The evolution of the protagonist, Sasha, is portrayed in a dramatically and psychologically convincing manner. Initially idealistic and somewhat iconoclastic, his outlook changes following his arrest to one of wariness and apprehension, not only about his own fate, but that of Soviet society as a whole. The lives of Sasha and his former companions are molded by the terrible experiences of the 1930s: the Kirov assassination, the mass arrests, the frame-up, torture and murder of Old Bolshevik leaders and socialist opponents of the ruling bureaucracy. The chronicle of Sasha's disillusionment and alienation, of the accommodation of a number of his former acquaintances to the official regime, and the relative isolation of those who behave courageously and decently, including his mother and an intellectual neighbor, convincingly accounts for his transformation. At the same time it reveals important truths about the period in which Sasha matures.

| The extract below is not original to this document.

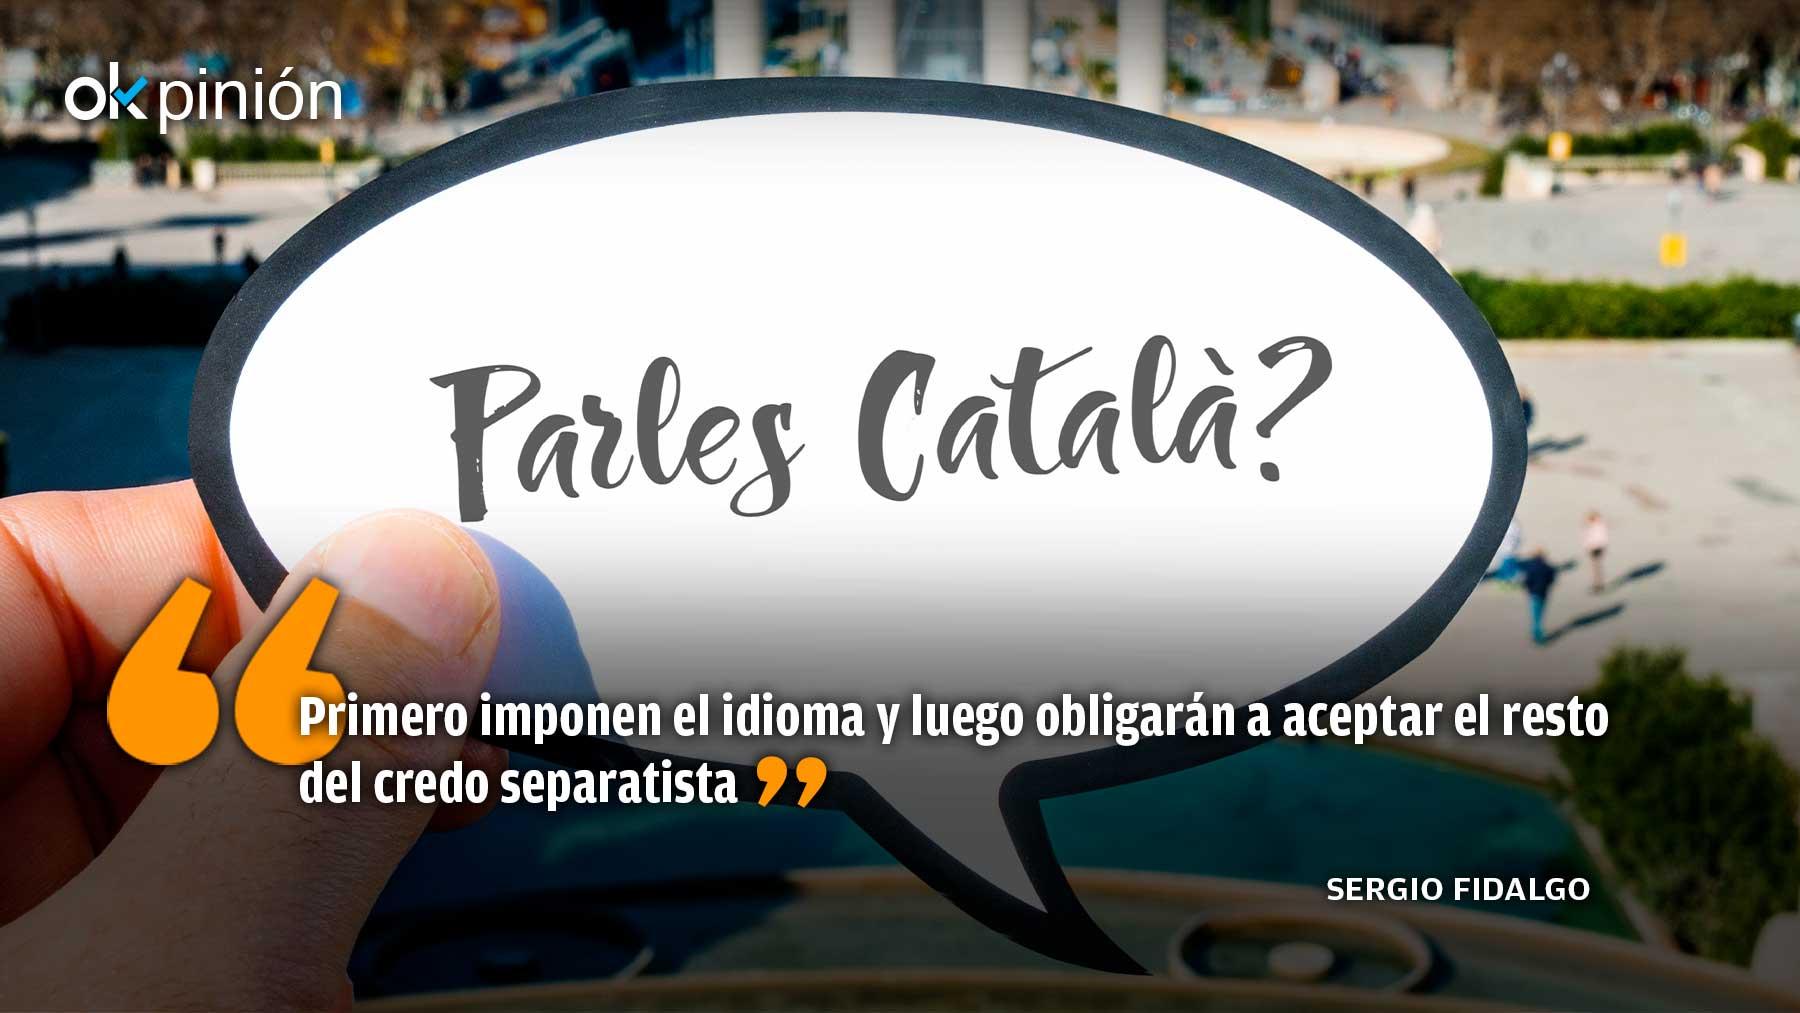 Catalan will set you free

The trilogy presents a chilling portrait of Stalin, also a principal figure in the story. His brutal character is shown to be the outcome of a complex interaction between his background, his personal traits--malice, vindictiveness, short-sightedness--and his political role as the dictator who prepared the show trials. After reading the novels' episodes involving Stalin, one instinctively feels that Rybakov has captured him well. The events described may not always have overt political significance--such as Stalin's encounters with his dentist, who is terrified of offending him--but they reveal aspects of the dictator's essence. When Stalin calmly reviews "confessions" soiled with the blood of their signatories, one gets a sense of his ruthlessness in dealing with those who were connected with the October 1917 revolution.

Children of the Arbat is the most aesthetically developed work of the series. In this volume, Rybakov's ability to seamlessly weave the threads of the trilogy's principal characters with those of the objective events taking place is at its height. In this regard, the novel stands in the great Russian tradition of Leo Tolstoy's War and Peace and Vasily Grossman's Life and Fate.

The second and third volumes sacrifice something of the style and artistry of the first, reflecting, perhaps, the author's sense of having limited time. Nonetheless, they make for enthralling reading and have exceptional moments. In one passage in Dust and Ashes, Rybakov introduces the moving "testament" of Leon Trotsky by having Stalin read a copy of it. In this instant Stalin, the embodiment of police cynicism and reaction, is juxtaposed against Trotsky, whose message is imbued with optimism and faith in human solidarity. "Life is beautiful. Let future generations cleanse it of all evil, oppression and violence and enjoy it to the full." Stalin reads these lines in silent fury. Rybakov's message is unmistakable: in the end, Trotsky's vision will triumph over Stalin's brutality.

The response to the novels varied. Deti Arbata initially gained a large following. The Soviet journal in which it first appeared had to boost its normal press run of 150,000 to 800,000. Rybakov soon received thousands of appreciative letters, especially from young people. However, the response of critics, particularly in the West, was lukewarm. In general, their reaction had more to do with the prevailing political outlook than with objective artistic and intellectual criteria. The left-wing standpoint of Rybakov's novels rendered them of little value for the official anti-Marxist propaganda campaigns being waged in the West and the former Stalinist states.

A more serious appraisal of Rybakov's work is overdue. His artistic vigor and intellectual integrity place him among a small minority of late twentieth century fiction writers. The theme developed in his novels--the responsibilities of an individual to his society and his ideals--sets him apart. His works deserve the widest readership.